The Waratahs lost to the Bulls on Saturday night going down 16-13 after leading 7-6 at the break.

The Waratahs are still still second on the ladder and well placed for a home semi-final with two rounds remaining despite the loss.

They must however beat the Stormers in Cape Town on Saturday to ensure they don’t miss out on hosting a Semi-final.

The pressure would have been a lot less had they beaten the Bulls but McKenzie is adamant that their preparation for the South African leg – which included a 14-hour flight that arrived late Thursday afternoon – played no role in their defeat.

“[I] talked to the players. There was no issues. At half-time, the guys were good,” McKenzie said in the Sydney Morning Herald.

“We made replacements later than we thought we might because the guys were coping. We had plenty of chances to win it.

“We will rue our decisions on the field. We are not going to rue anything in preparation. We had enough there to be able to win the game.”

Supporting McKenzie’s claim is that his 26-man playing squad recorded an unprecedented perfect record in their daily hydration readings.

“For the first time we had a hundred per cent success on hydration,” he said.

“You won’t get any complaints from the players. They all felt good.

“We are not going to look at that for a reason. We are going to look at what we did on the field.”

The Waratahs did not escape Saturday’s match without any injury concerns.

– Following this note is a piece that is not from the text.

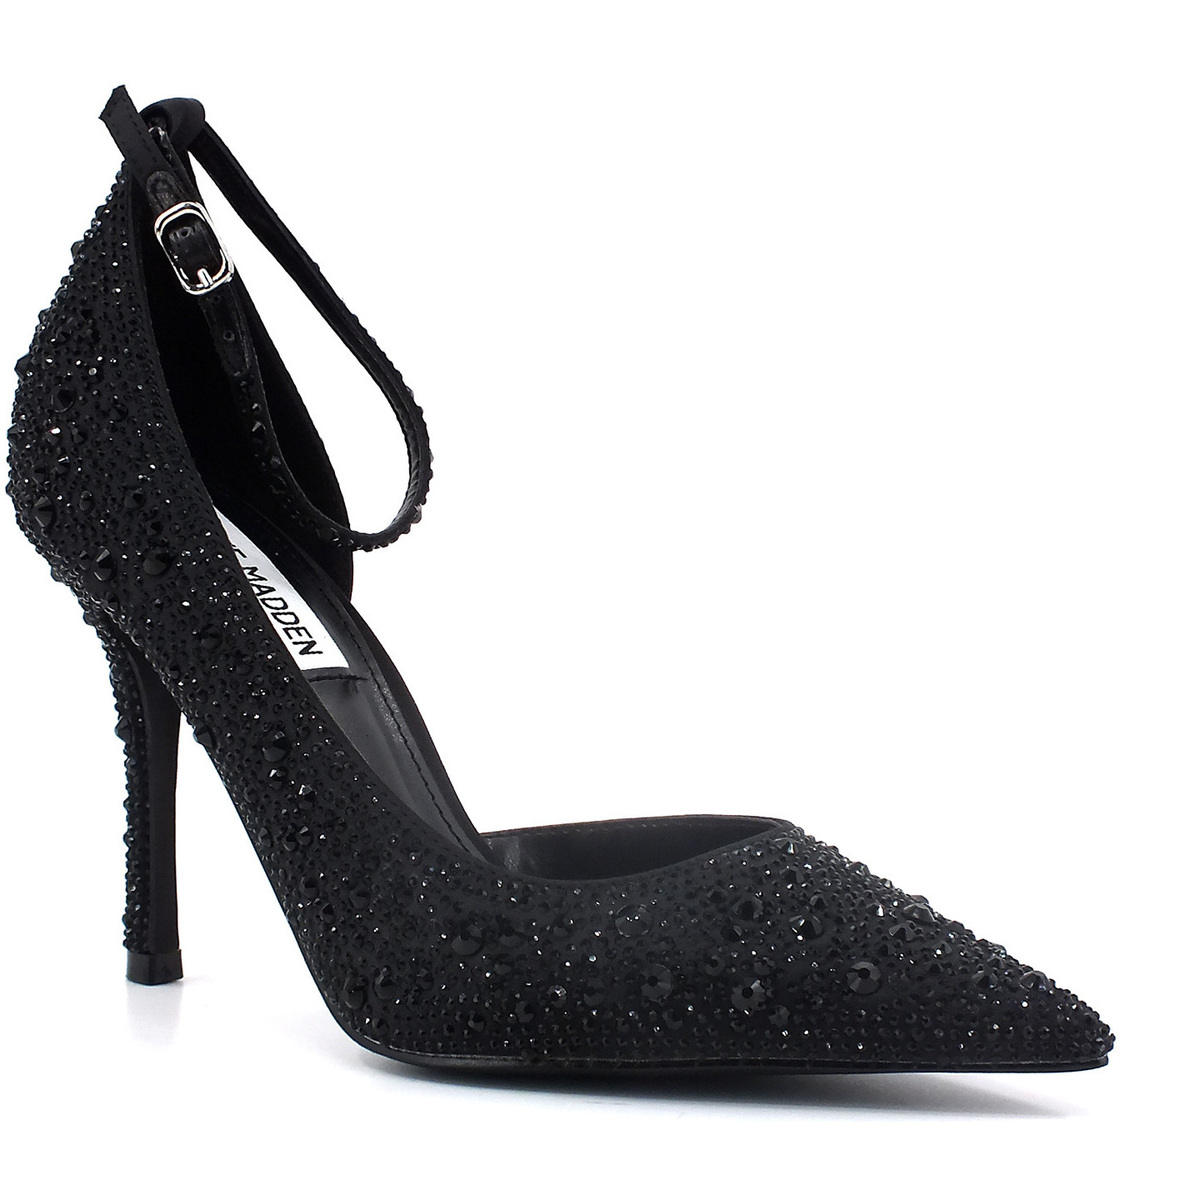 Chaussures Femme Bottes Steve Madden Fresco Décolléte Donna Black FRES06S1 Noir

Prop Matt Dunning is in doubt for the Stormers match with a calf muscle injury, hooker Tatafu Polota-Nau will be monitored for a head knock and fullback Sam Norton-Knight had his eye stitched, was blood-binned twice and reported blurred vision.

Waratahs captain Phil Waugh still felt the match was always NSW’s for the taking.

“It [the weather] obviously suited them. They kicked a lot better than we did,” Waugh said.

“But we had our chances to score. We could have gone 14-0 up ‘ it [would be] a different game then. There are critical moments that change momentum. And we were on the receiving end of those.”

Waugh added that the Waratahs had committed many of the same errors at the restarts in other games but still managed to win. “But against a team like the Bulls at Loftus with their kicking game, it hurts you,” he said.

Waugh also criticised referee Lyndon Bray for failing to stop the Bulls slowing down the ball at the breakdown.

“Lyndon said at the start of the game he wanted quality set-piece ball and quick ruck ball,” Waugh said.

“It felt like every time we went to the ruck, there was someone lying on the ball. It felt like they were repeat infringements, the same stuff over and over ‘ blokes just lying on our ball.

“We wanted to play, and we couldn’t play. It just gets frustrating.”